Re: New on List . . . again & question

[Guest guest]

I would be concerned that the kids are in same class.

Tell her what you know. If we can't be honest with each other (be gentle and

positive) who can we trust?? As parents of kids with CF we must be honest

with each other.

Rosemary in New York with 3 children with CF - they are 12, 9.11, 6...I

coined the phrase " BREATHE DAMMIT " ; and now we have a dog named - are you

ready for this - TOBI after their medication!

[Guest guest]

Hi !

My son is 6, also with cf and asthma.

Because of my involvement worth a support group here in Colorado

Springs, alot of people give my name to newly-diagnosed families. I

try to offer some resources (like this list) but find many people are

easily overwhelmed (I certainly was early on). So mostly I give them

my number and try to meet them. I try to tell them about the elders

on these lists and just keep in touch with them. Just call them now

and then.

Our doctors had books and info for people new to cf, but if she

doesn't have these you might ask the CF office what they have

available. Or clinic.

Please let her know she is not alone.

There are things for kids available on the cf awareness web site (free).

Go to http://www.cfawareness.org and click on AWARENESS MATERIALS &

RESOURCES. The kids activity book is downloadable.

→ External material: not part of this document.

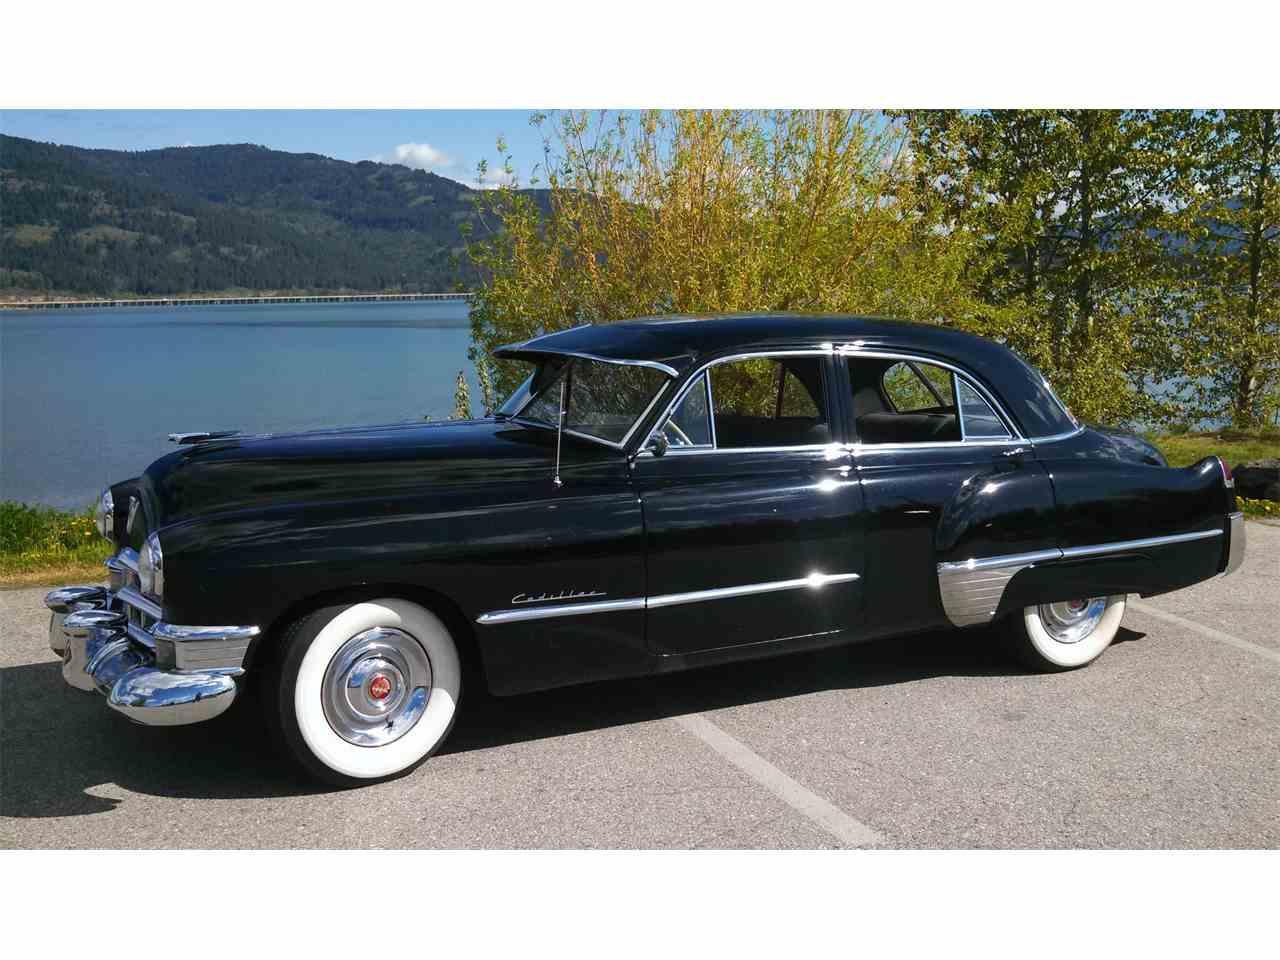 1949 Cadillac Series 62 For Sale Classiccars Com Cc 579513

In this case, less is probably better. But do try to keep in touch as

time goes on. This mom may need you more as she developes more

questions.

-Lenora

>Hi,

>

>I was on this list a couple of years ago, but dropped off due to time

>constraints. Although I still have little time, I need to keep up-to-

>date better and have a forum to ask (and answer) questions.

>

>I have a 4 year old daughter named Sydney with CF nd asthma. She is

>doing well now, but we have certainly had our ups and downs. She has

>cultured 2 strains of pseudomonas (1 mucoid), staph a, aspergillus,

>and alcaligenes. She has a g-tube, due to failure to thrive and

>severe oral aversion, but as recently began to eat a lot more (after

>a lot of feeding therapy). Syd had sinus surgery last summer and has

>been doing well since.

>

>Now for the question: Sydney's kindergarten teacher approached me

>today about the little brother of one of Syd's classmates. He was

>diagnosed with CF a couple of days ago and his mom is one of the

>teacher's best friends. She asked if I would talk to the mother. Of

>course I said yes. But then I started thinking about what to say. I

>can describe CF and talk about how much better the prognosis is today

>than years ago, and tell her about the CF Center here, but what else

>should I tell her? I'm worried about overwhelming or scaring her

>even more.

>

>Please let me know what you think would help.

>

>Thanks,

>, mom of Sydney, 4 w/cf

>

>

>

>

>PLEASE do not post religious emails to the list.

>

>

>-------------------------------------------

>

>

>The opinions and information exchanged on this list should

>IN NO WAY

>be construed as medical advice.

>

>PLEASE CONSULT YOUR PHYSICIAN BEFORE CHANGING ANY MEDICATIONS OR TREATMENTS.

>

>--------------------------------------------------

>

>

>

[Guest guest]

In a message dated 10/22/2002 3:12:21 PM Central Daylight Time,

monicaattridge@... writes:

>

You could show her pictures of lots of kids from this group and she could see

for herself how healthy kids with CF are and how they can live a very normal

live it's just that we Mom's have to work harder at keeping them healthy. If

you need any pictures I would send you one of my two with CF. Deb A

[Guest guest]

In a message dated 10/22/2002 3:12:21 PM Central Daylight Time,

monicaattridge@... writes:

>

You could show her pictures of lots of kids from this group and she could see

for herself how healthy kids with CF are and how they can live a very normal

live it's just that we Mom's have to work harder at keeping them healthy. If

you need any pictures I would send you one of my two with CF. Deb A

[Guest guest]

In a message dated 10/22/2002 3:12:21 PM Central Daylight Time,

monicaattridge@... writes:

>

You could show her pictures of lots of kids from this group and she could see

for herself how healthy kids with CF are and how they can live a very normal

live it's just that we Mom's have to work harder at keeping them healthy. If

you need any pictures I would send you one of my two with CF. Deb A

[Guest guest]

I think that just knowing that you exist will make her feel better.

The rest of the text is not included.